The Two Faces of January – film review

Patricia Highsmith wrote great thriller novels – great because they are more than thrillers – but Hollywood keeps picking the wrong ones. Strangers on a Train: not her best, though good Hitchcock. The Talented Mr Ripley: not her best, though good Minghella. The Two Faces of January is not even good Hossein Amini.

Who? Amini screenwrote Jude and The Wings of the Dove and now directs his first feature. It captivates for half an hour. Viggo Mortensen and Kirsten Dunst, conman and wife, stray across drifter-hustler Oscar Inside Llewyn Davis Isaac in what the screen captions Hollywoodishly as “Athens, Greece.” (As opposed to what, an Acropolis-bearing Athens, Georgia?)

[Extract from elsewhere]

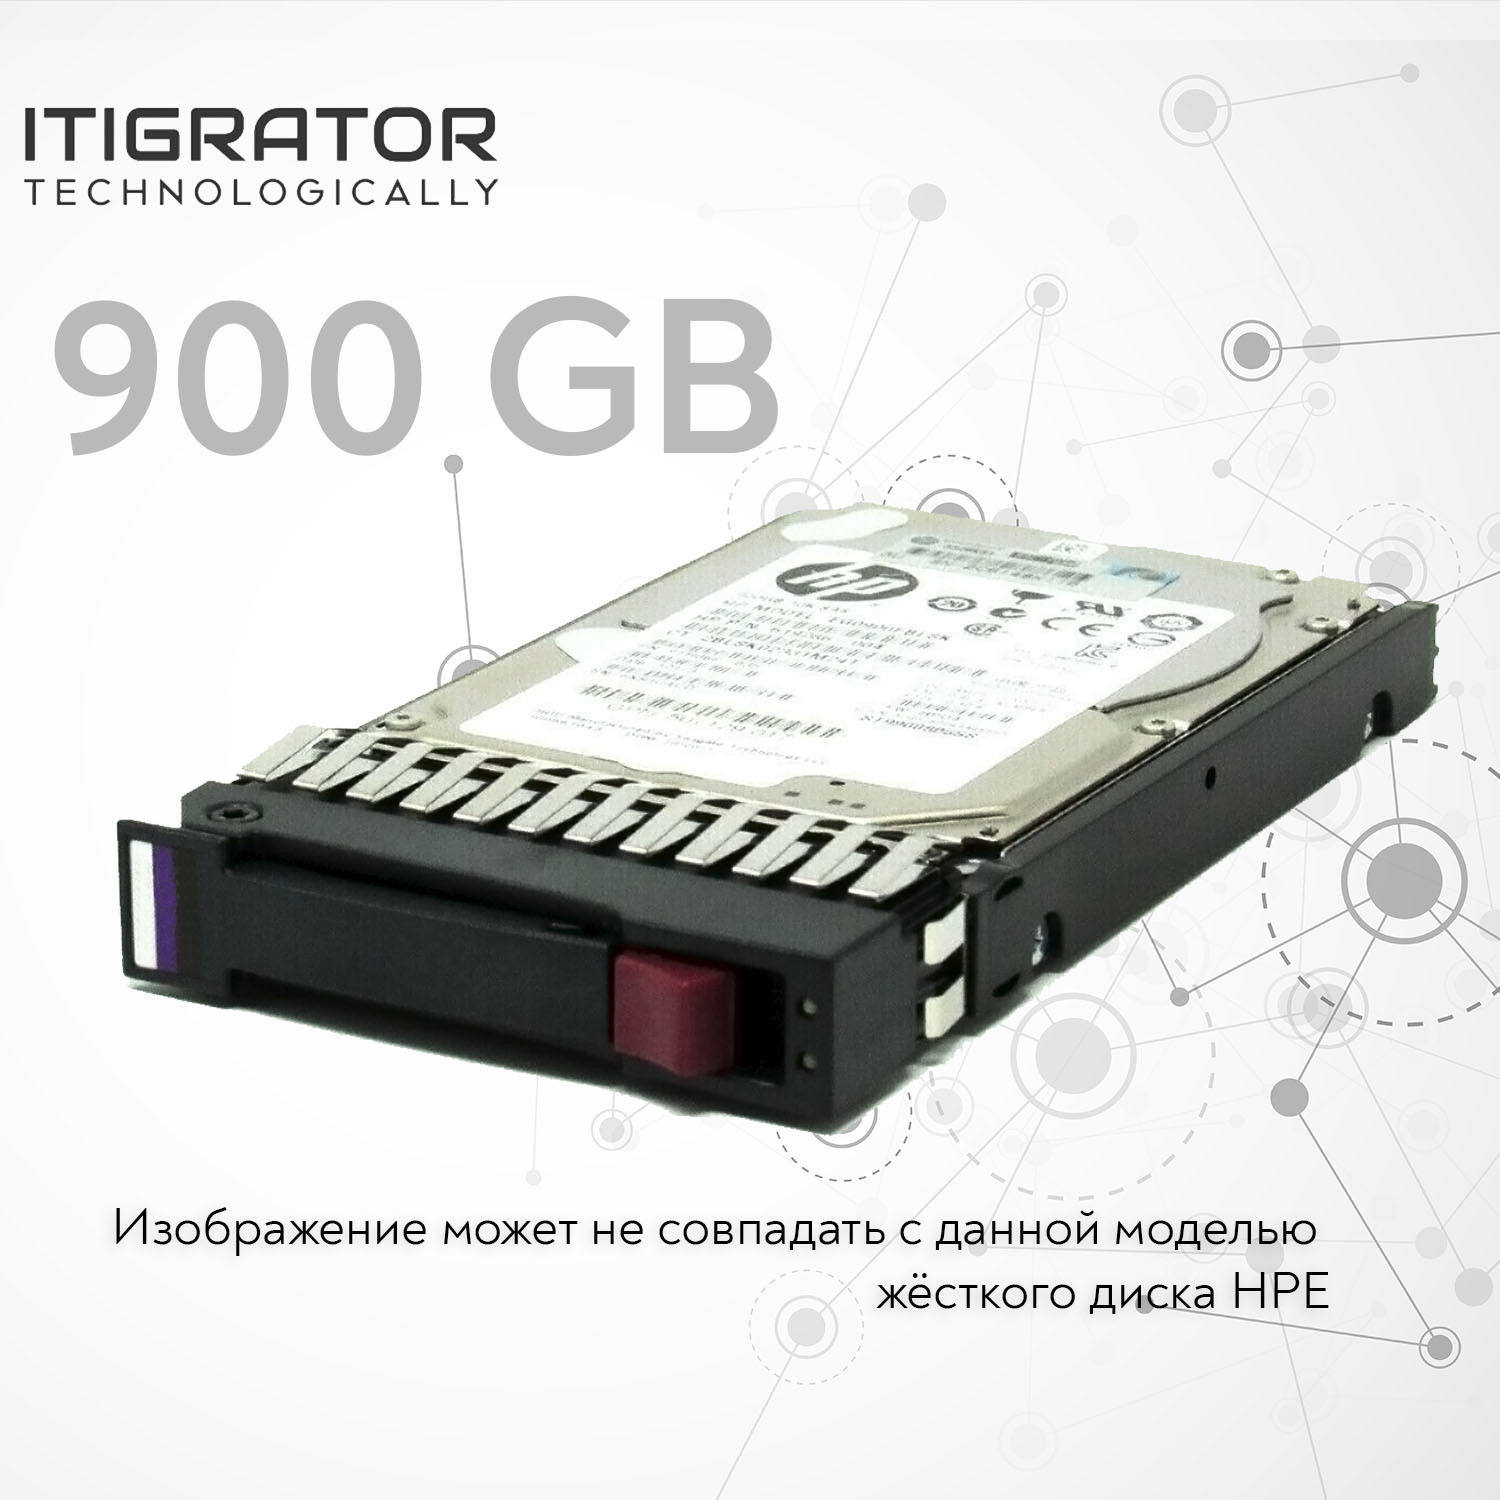 Жесткий диск HPE 900Gb [EG0900FCSPN]
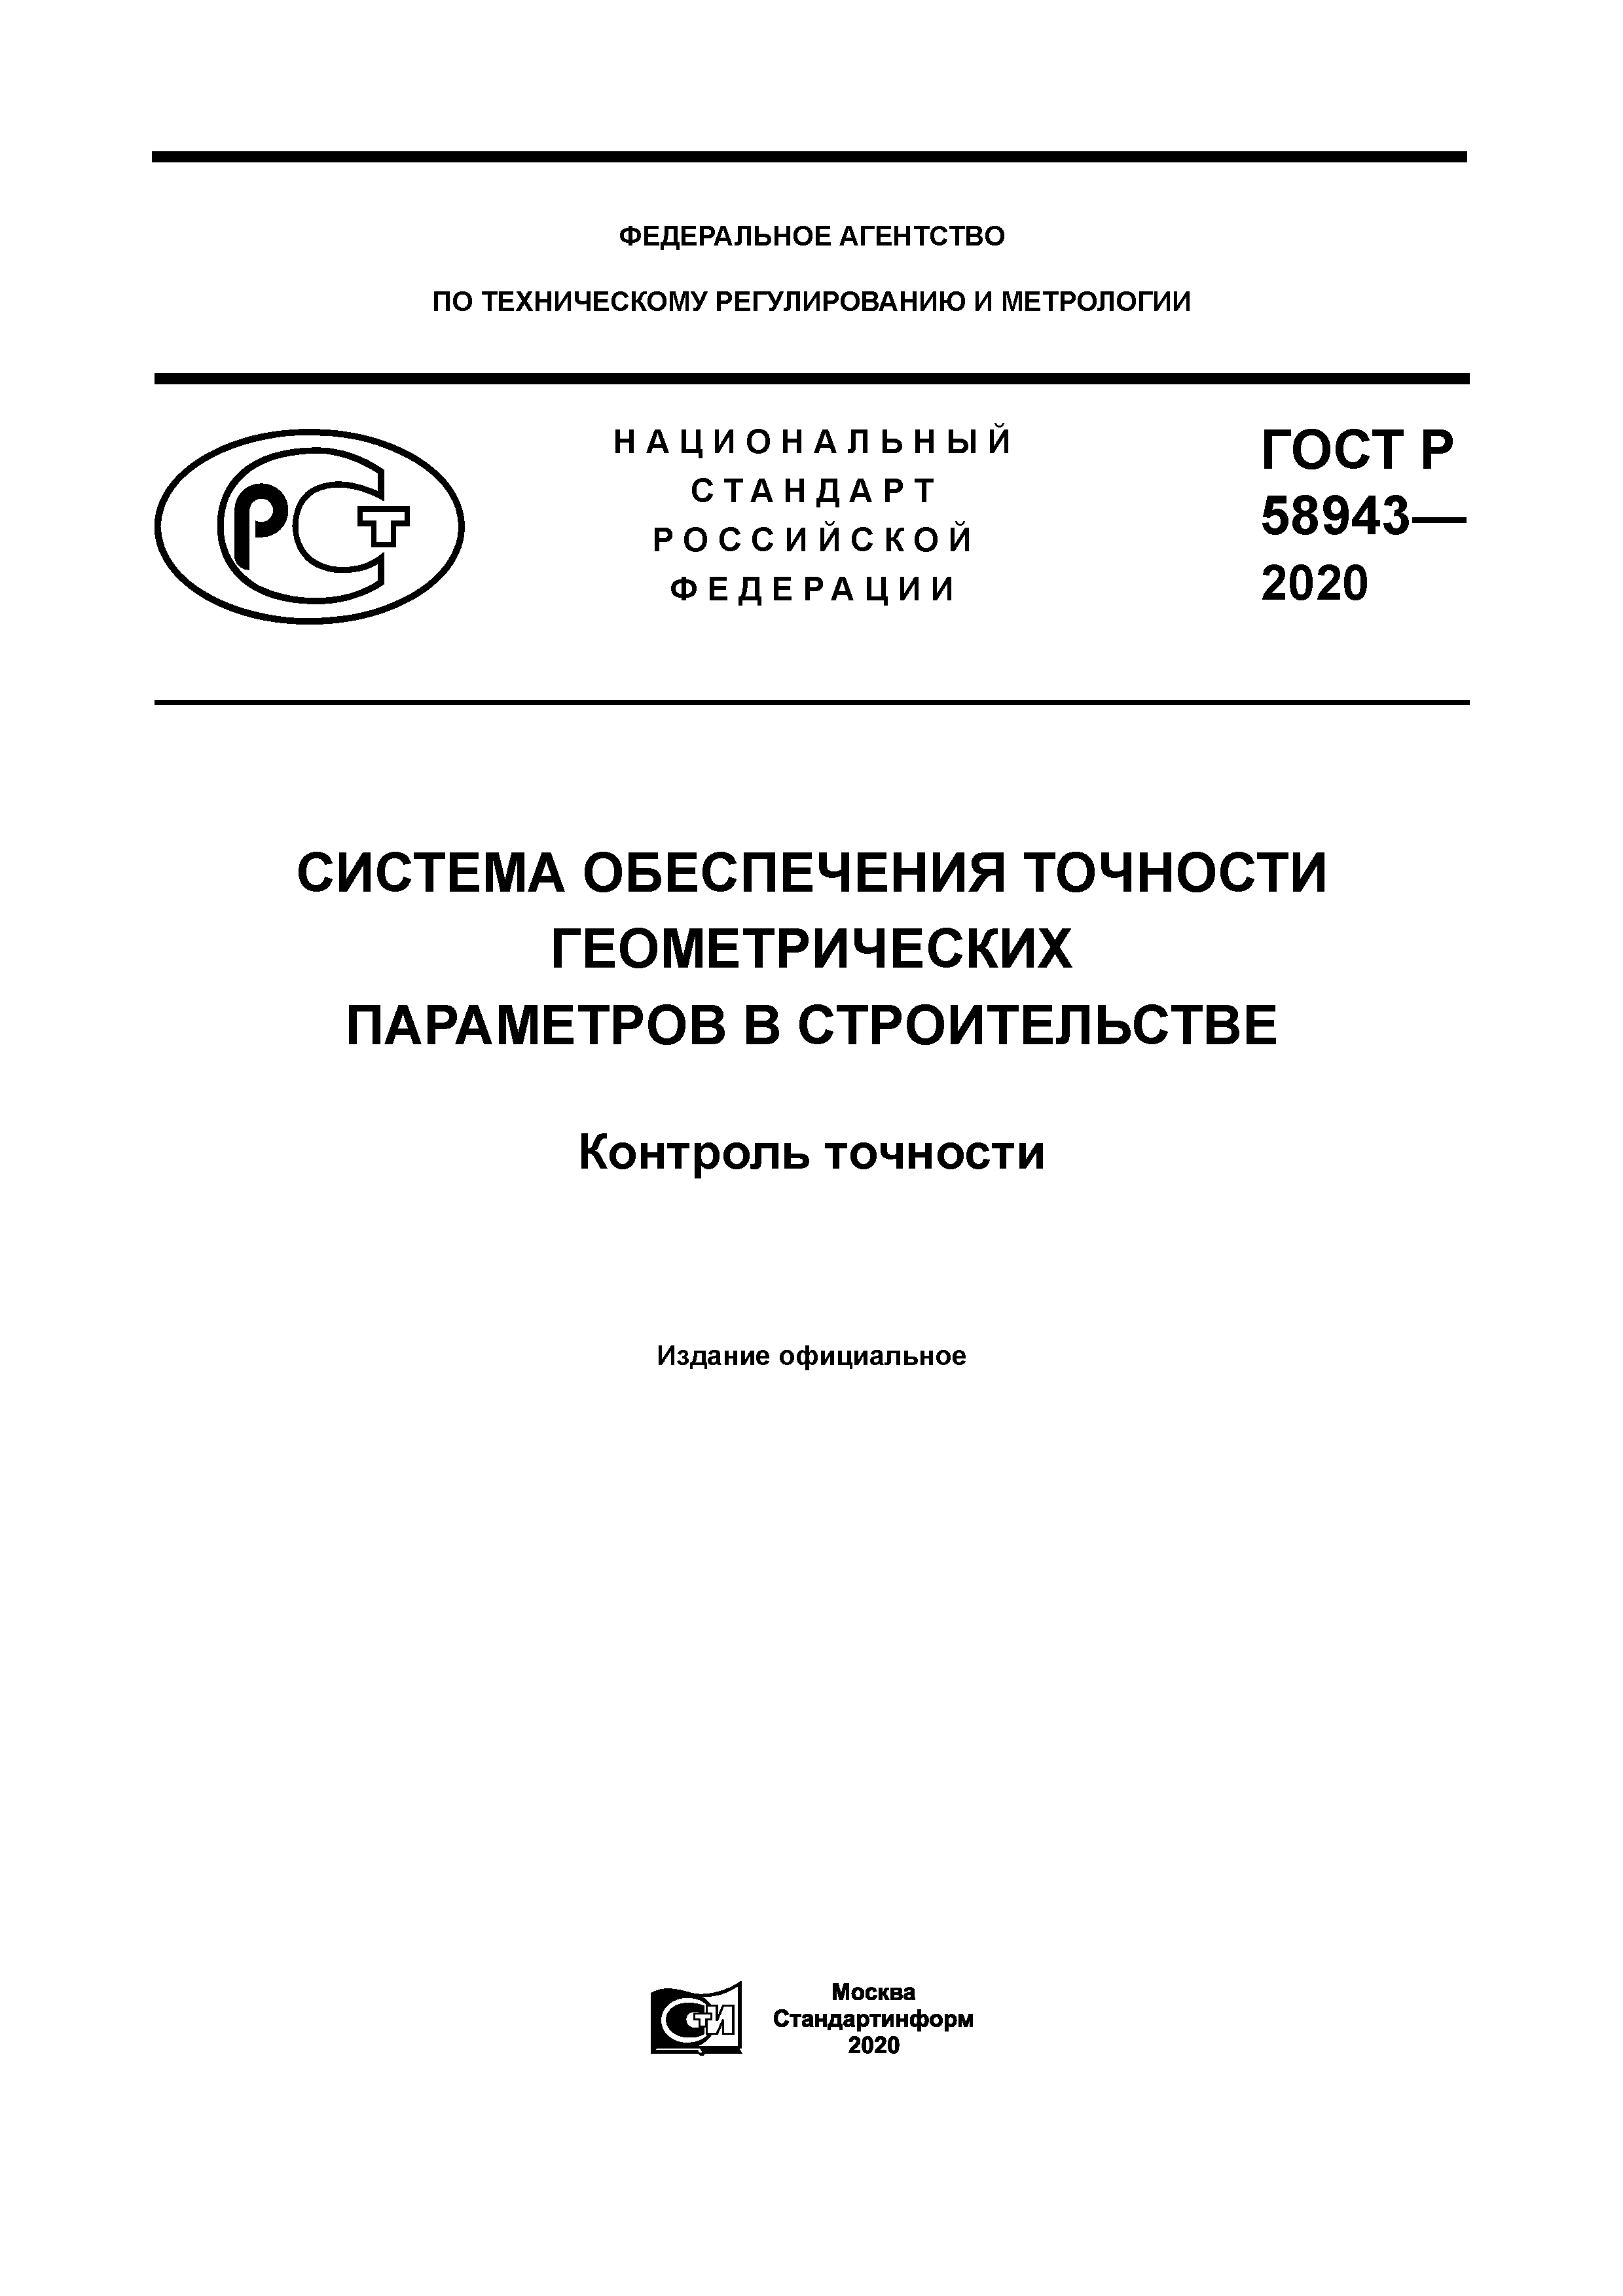 ГОСТ Р 58943-2020

There’s a murder. There may be a blackmail plot. The story moves to Crete, where in one endearingly crackpot sequence the trio camp for the night in an unprotected Knossos palace. It’s a tourist site, dear filmmakers! Tickets! Barriers! Officialdom! Anyway, there’s another killing there – distraction therapy for pedants – and we move on, and on . . . By the Istanbul last act the movie has become incurably woolly and one-note-enigmatic. Highsmith’s best, by the way? This Sweet Sickness (briefly and long ago a French art movie, now overdue for A-team Anglo adaptation). And the weird, stunning Edith’s Diary, begging for a cine-genius to do it screen justice.